2.4. Correlation Analysis of Maize Accessions for Various Phenotypic Traits

A correlation analysis of 192 maize accessions, based on 14 phenotypic traits, was performed to assess the strength of association among these traits (referenced in Figure 2). Highly significant positive correlations were observed among plant height, ear height, the ratio of ear height to plant height, spike leaf length, spike leaf width, length and width of the upper ear leaf, and leaf number. With the exception of leaf number, tassel branch number, stalk diameter, thousand kernel weight, and chlorophyll content, effective spikes demonstrated significant to highly significant positive correlations with the other traits. Thousand kernel weight was positively correlated with all traits except for effective spikes, tassel branch number, and stem–leaf angle. There was no significant correlation between stem–leaf angle and tassel branch number; however, stem–leaf angle exhibited a significant to highly significant negative correlation with the other traits. Chlorophyll content was positively correlated with plant height, ear height, spike leaf length, spike leaf width, length and width of the upper ear leaf, leaf number, tassel branch number, and thousand kernel weight. Moreover, chlorophyll content showed a significant positive correlation with effective spikes.

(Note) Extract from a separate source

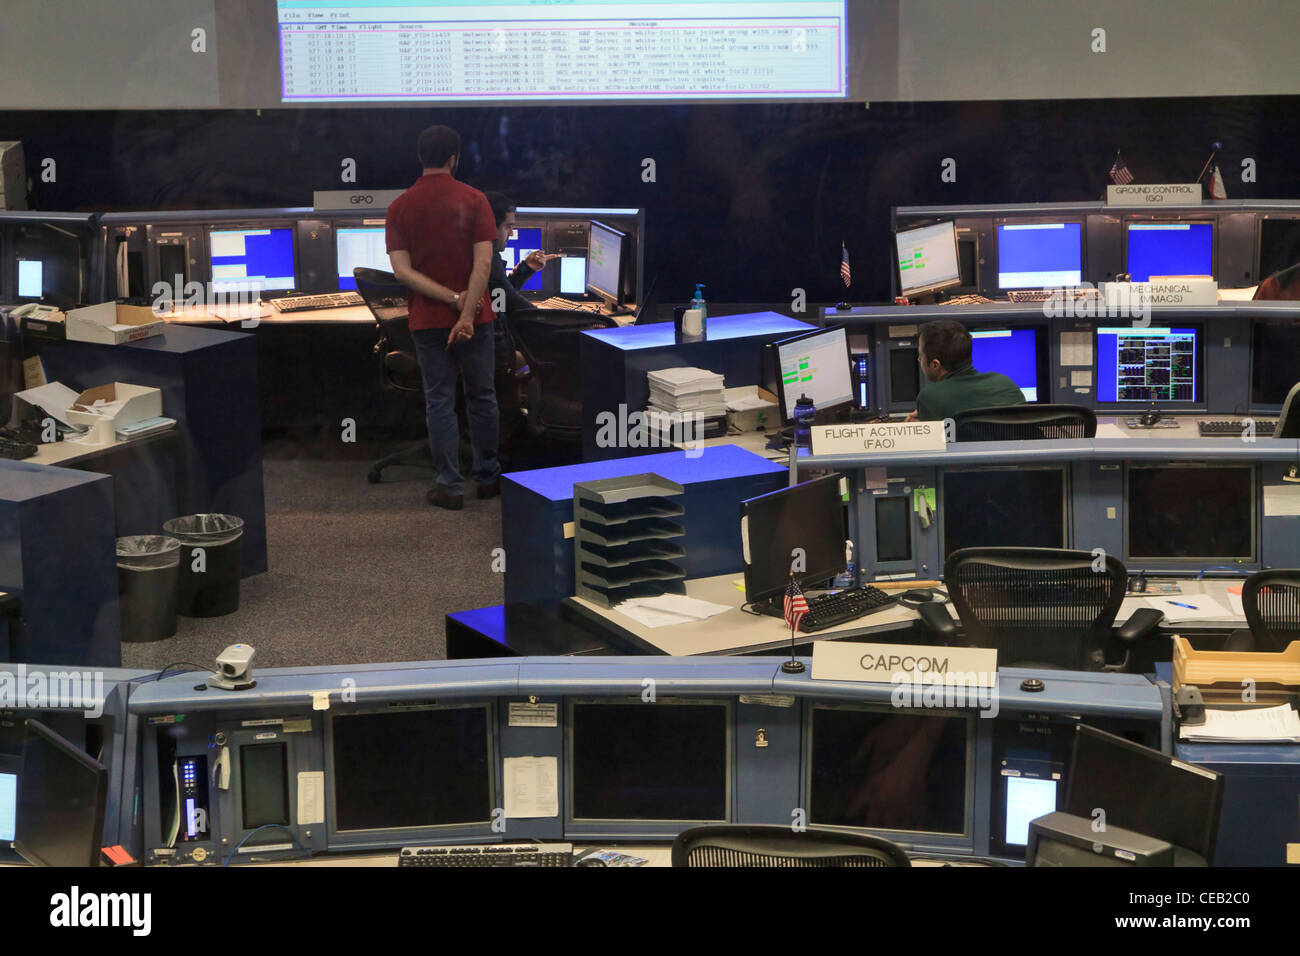 Centre de contrôle de mission, Johnson Space Center, au Texas. Banque D'Images

2.5. Principal Component Analysis of Maize Accessions

The assessment of maize accessions may be influenced by the intricate interrelationships among traits. Principal component analysis (PCA) offers a more precise and standardized method for evaluating maize accessions by transforming multiple trait indicators into fewer composite indicators through dimensionality reduction [32,33]. The Kaiser–Meyer–Olkin (KMO) and Bartlett tests (KMO = 0.805 > 0.65, p < 0.01) demonstrated a high degree of correlation among factors, justifying the application of PCA to the data [34]. The first three principal components, each with an eigenvalue greater than 1.0, accounted for 31.53%, 24.29%, and 9.75% of the total variance, respectively. Their cumulative contribution rate of 65.57% suggests that these components encapsulate the majority of the genetic information for most traits in maize germplasm (

Table 3. Eigenvalues and eigenvector descriptions of the first three principal components of the 14 phenotypic traits.

Traits	PC1	PC2	PC3
Plant height/cm	0.78	0.43	0.04
Ear height/cm	0.91	0.26	0.13
Ear height to plant height ratio/%	0.82	0.03	0.19
Spike leaf length/cm	0.70	0.50	0.16
Spike leaf width/cm	0.23	0.83	0.24
Leaf length of upper ear/cm	0.76	0.44	0.20
Leaf width of upper ear/cm	0.22	0.85	0.21
Leaf number/piece	0.65	0.44	0.18
Effective spikes	0.06	0.07	0.68
Tassel branch number	0.69	0.06	−0.24
Stalk diameter/mm	0.44	0.58	0.16
Stem–leaf angle	−0.13	−0.09	−0.67
Thousand kernel weight/g	0.18	0.72	−0.06
chlorophyll content	0.12	0.49	−0.34
Eigenvalue	4.41	3.40	1.37
Contribution rate/%	31.53	24.29	9.75
Cumulative contribution/%	31.53	55.82	65.57

Note: PC1, PC2, and PC3 are the first principal components, second principal components, and third principal components.

). The first principal component had an eigenvalue of 4.41, with ear height and the ratio of ear height to plant height having the highest loadings. These variables are predominantly associated with ear positioning, thus referred to as the ear position factor. The second principal component, with an eigenvalue of 3.40, had its highest loadings on spike leaf width and the width of the upper ear leaf, primarily related to leaf width and consequently termed the leaf width factor. The third principal component had an eigenvalue of 1.37, with the effective spike exhibiting the highest and positive eigenvector, while the stem–leaf angle had the lowest and negative eigenvector, indicating a negative correlation between stem–leaf angle and effective spike.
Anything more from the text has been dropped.